Information supplied:
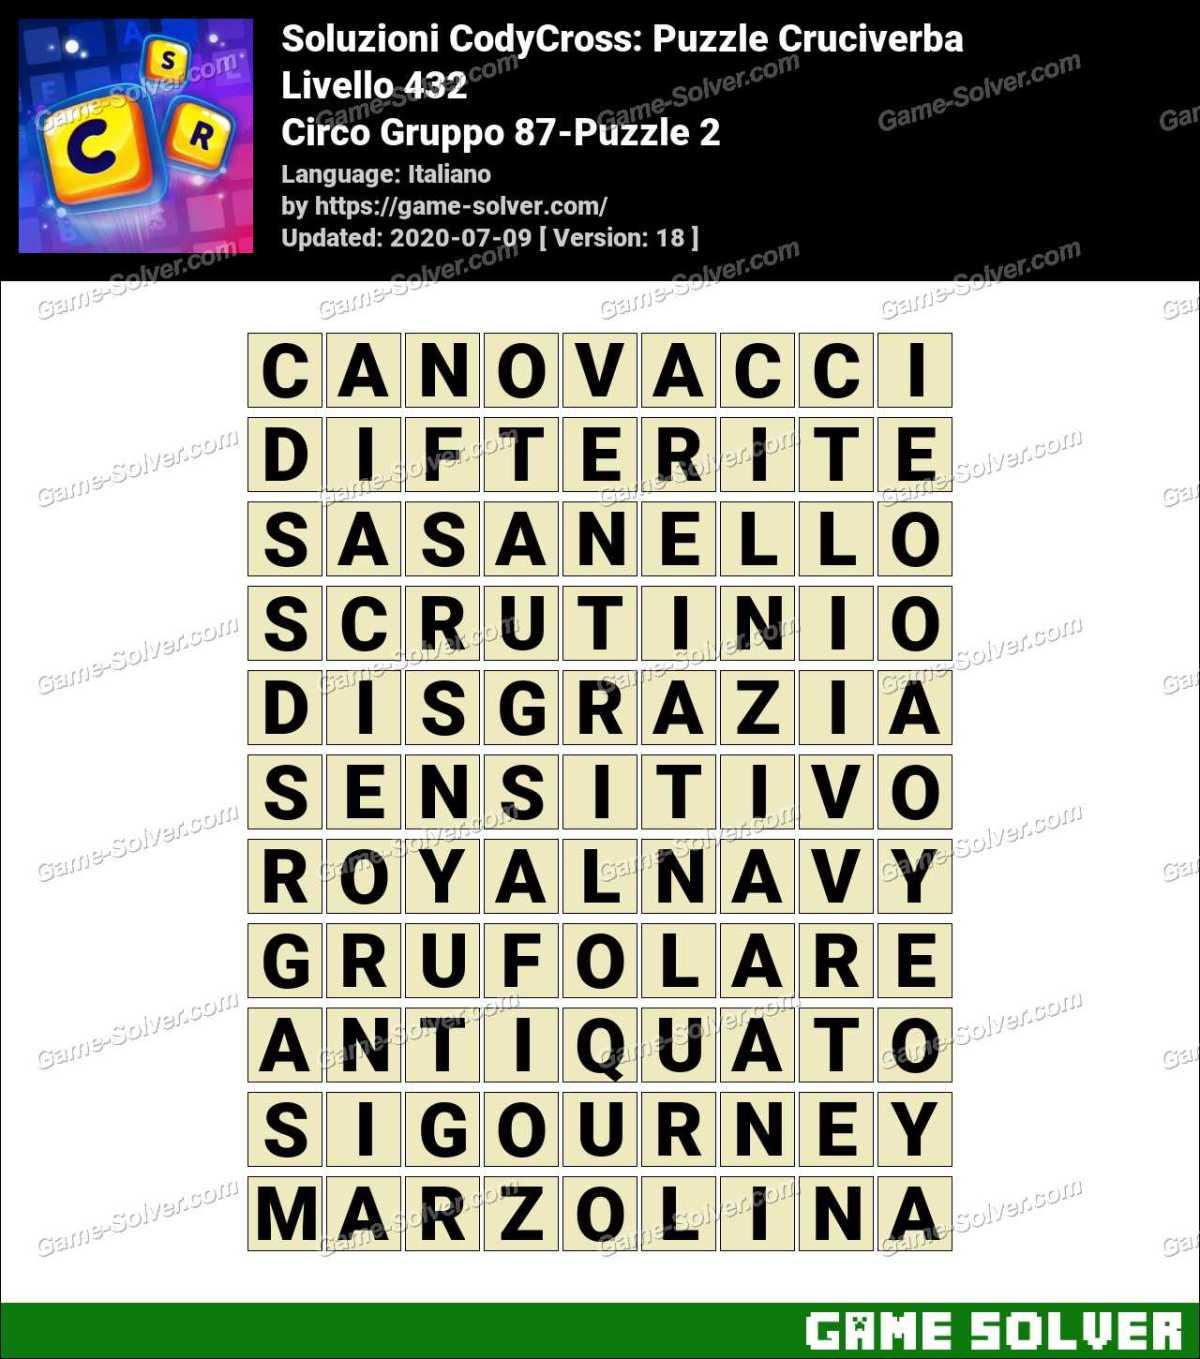 Soluzioni CodyCross Circo Gruppo 87-Puzzle 2
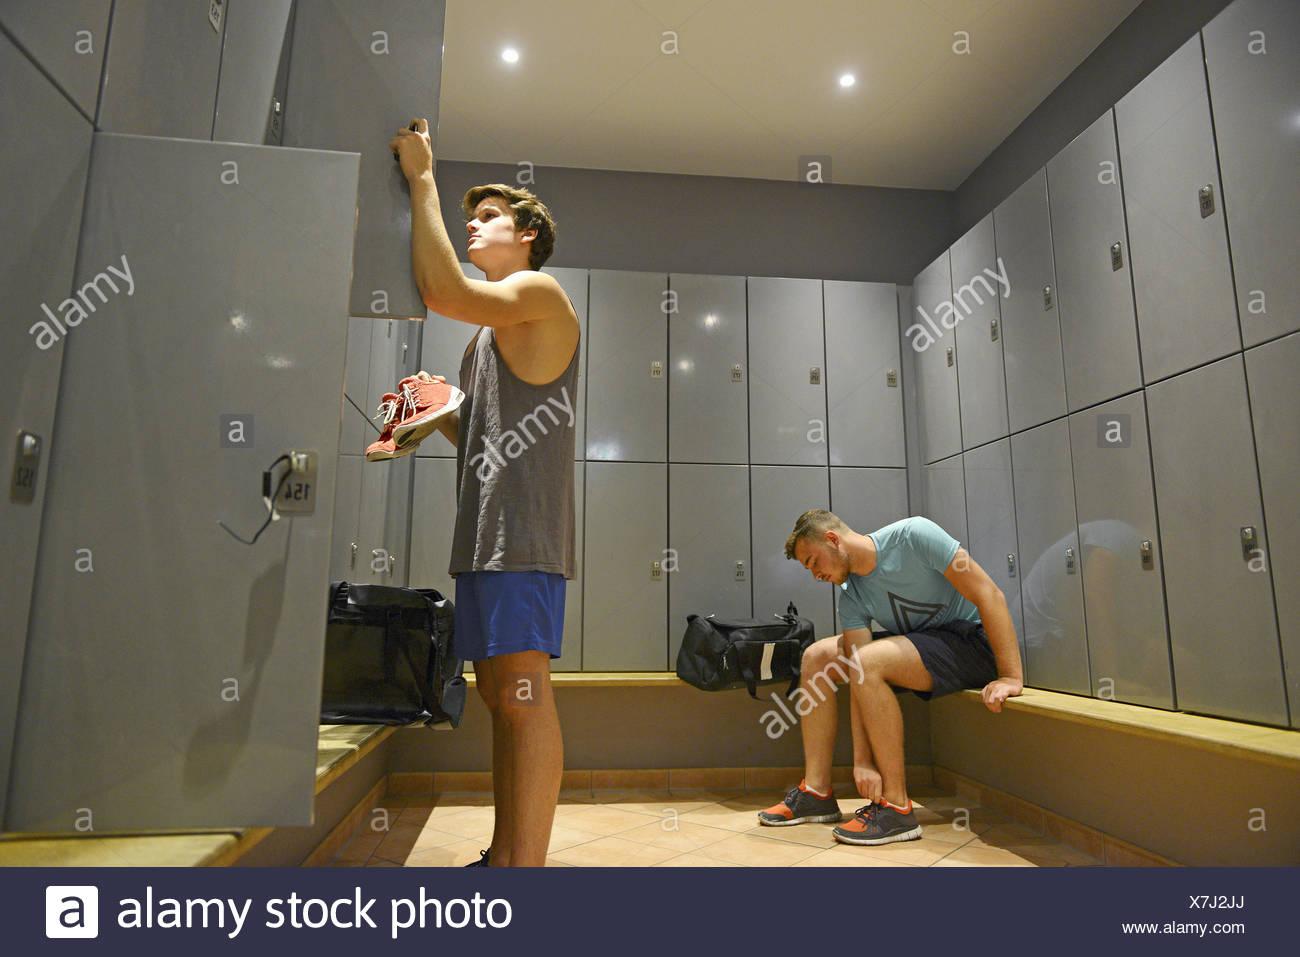 Teenage boy in gym locker room stock photos teenage boy in gym
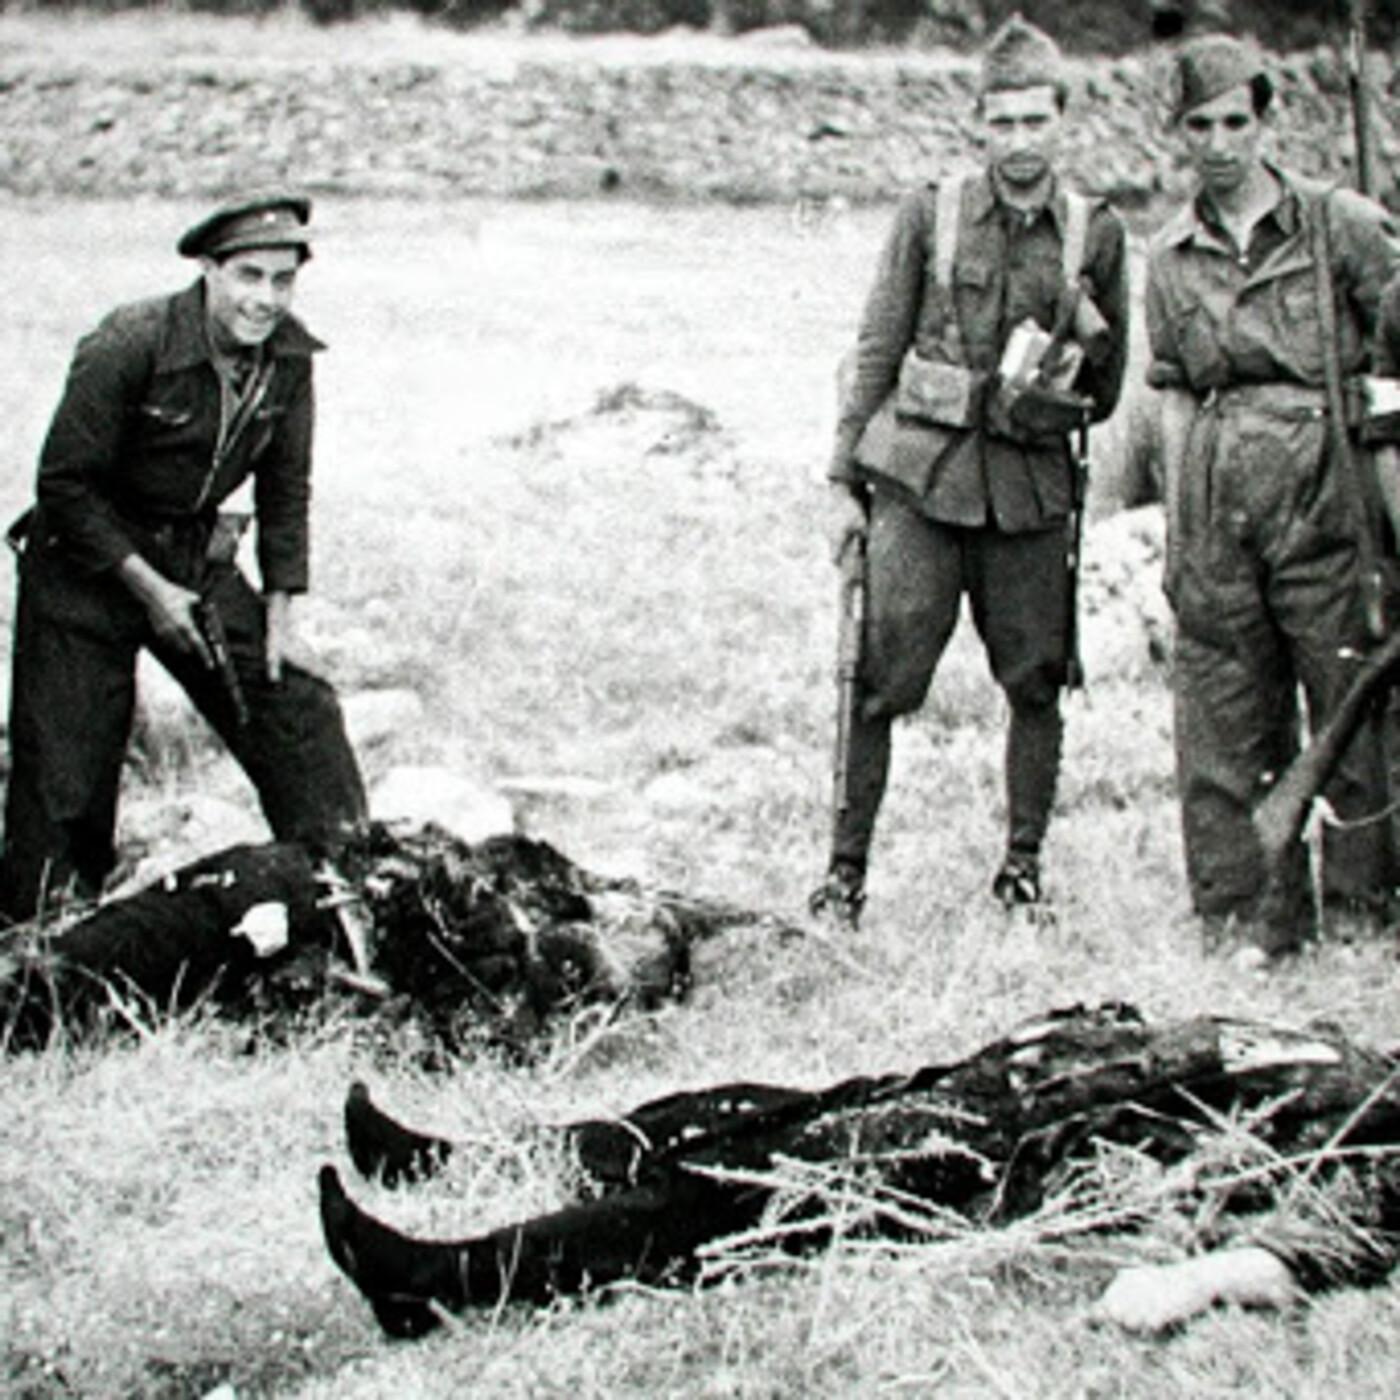 Mitos al descubierto: La masacre de Paracuellos de Jarama

Task goal: Transcribe the listing in full. Leave the pictures out.

Solved problem:
 Soluzioni CodyCross Circo Gruppo 87-Puzzle 2
 Teenage boy in gym locker room stock photos teenage boy in gym
 Mitos al descubierto: La masacre de Paracuellos de Jarama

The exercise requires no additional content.